He points out that just as Albert Einstein upended Newtonian physics with the much more complex theory of relativity, Richard Thaler’s work in economics “explained that people often don’t make choices by acting as the rational balancers of risk and reward assumed by classic economics.” (More information about his work at Wikipedia post on Nudge).

Key points:

  • “We are disproportionately influenced by the most salient and digestible information” rather than the totality of information.  This “helps explain the power of simplistic pharmaceutical promotional materials, often delivered..with a tasty lunch.”
  • “Our beliefs are shaped by recent experiences…(Last-case bias).”
  • “We often overestimate small probabilities (such as uncommon drug risks).”  Another example would be fear of dying in a plane crash which is far less likely than dying in an auto accident.

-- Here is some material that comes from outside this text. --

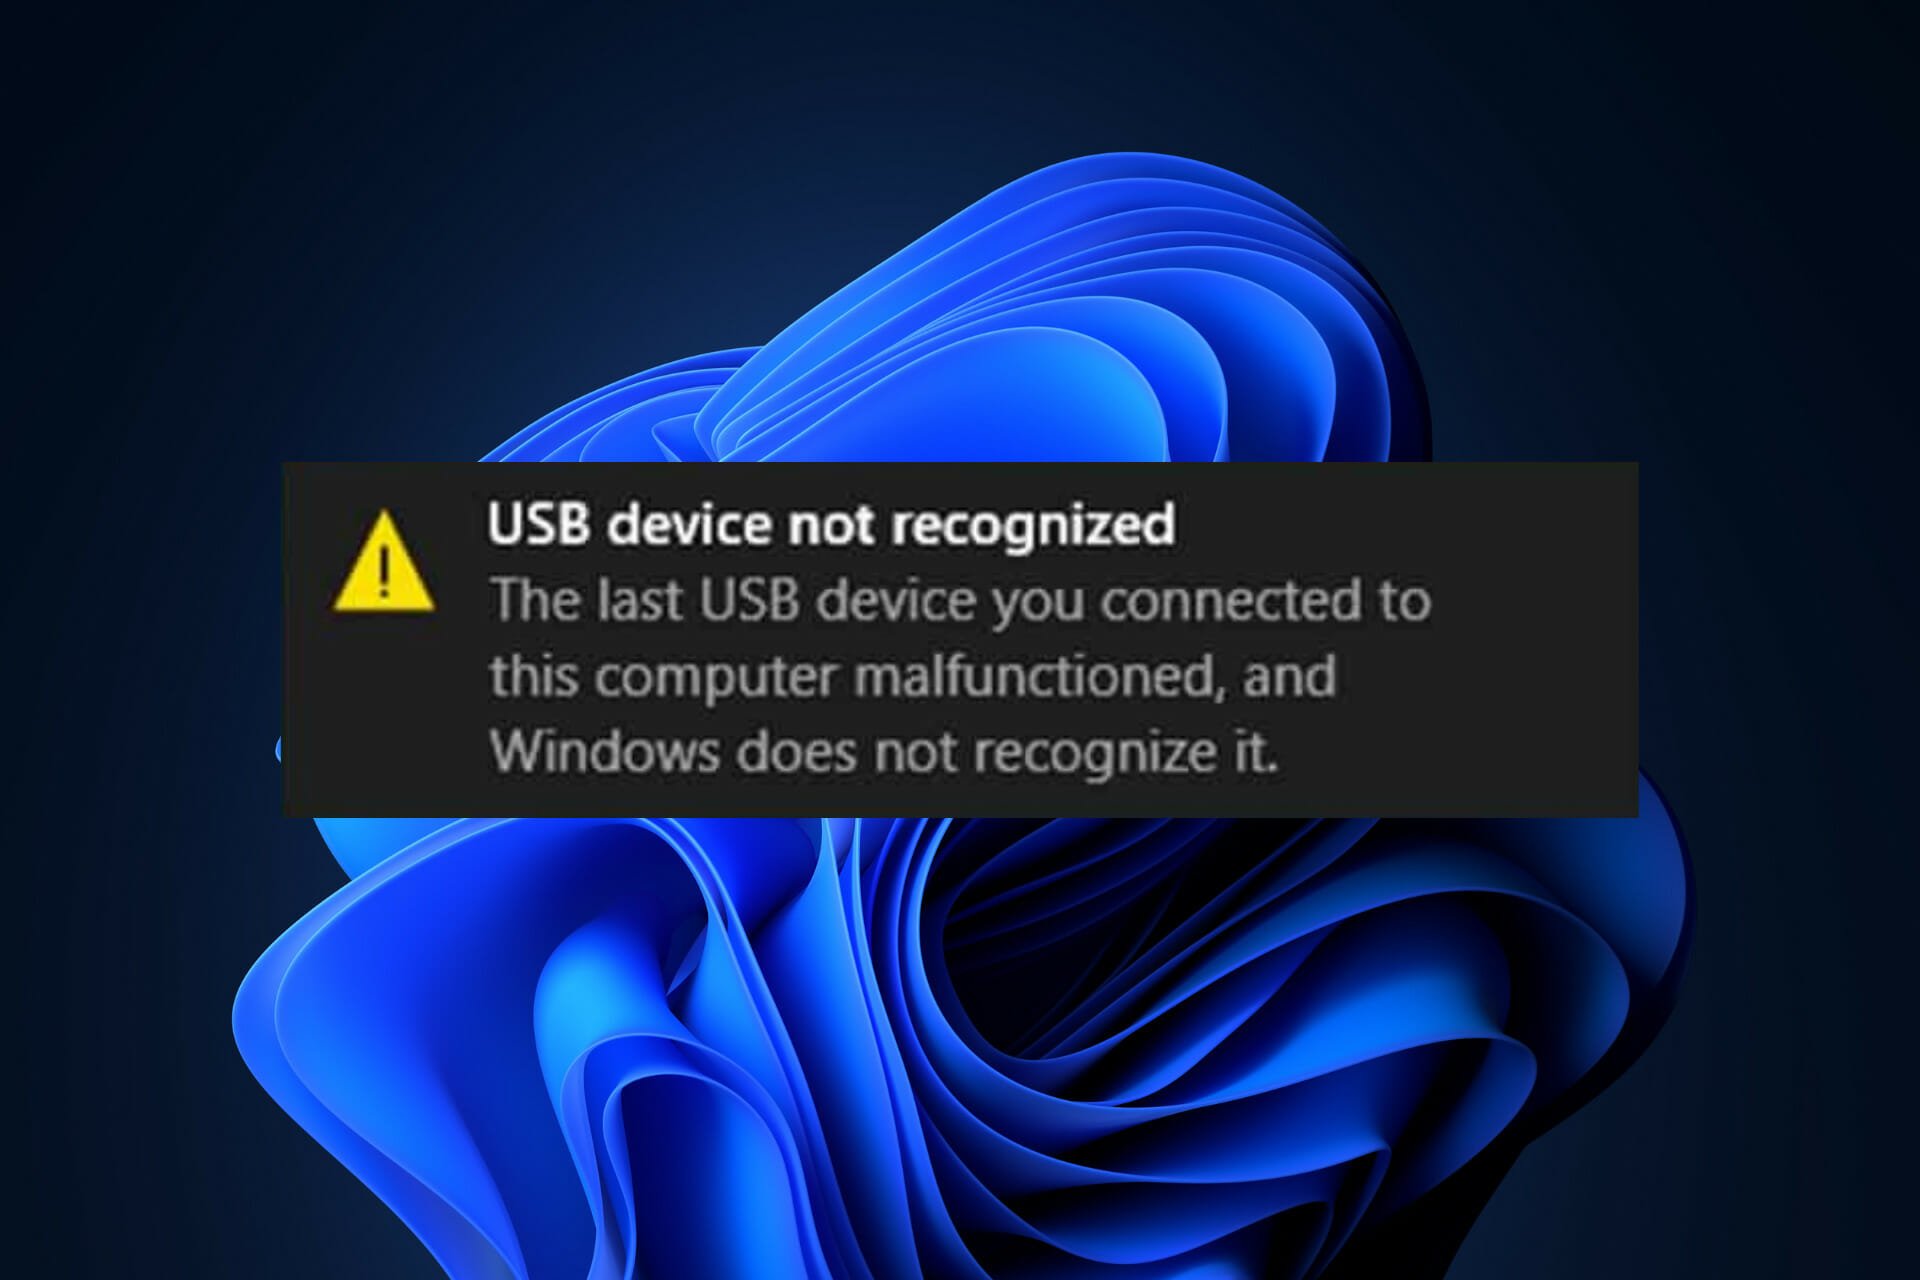 garmin-not-recog garmin usb device not recognized windows 11

The potential remedies to flawed decision-making include the following:

  • “Academic detailing” which is a process attempting to integrate more information to counter biases
  • Nudge concept. This is a strategy of “making a preferred alternative the default choice when several options exist.”  Order entry systems in computers could default to preferred drugs (ie. best drug in class)
  • Cost constraints can affect decision-making which could include targeting copayments for payments.  For physicians/administrators, looking at what drives revenue is crucial.  “As Upton Sinclair once noted, ‘It is difficult to get a man to understand something when his salary depends on his not understanding it.'”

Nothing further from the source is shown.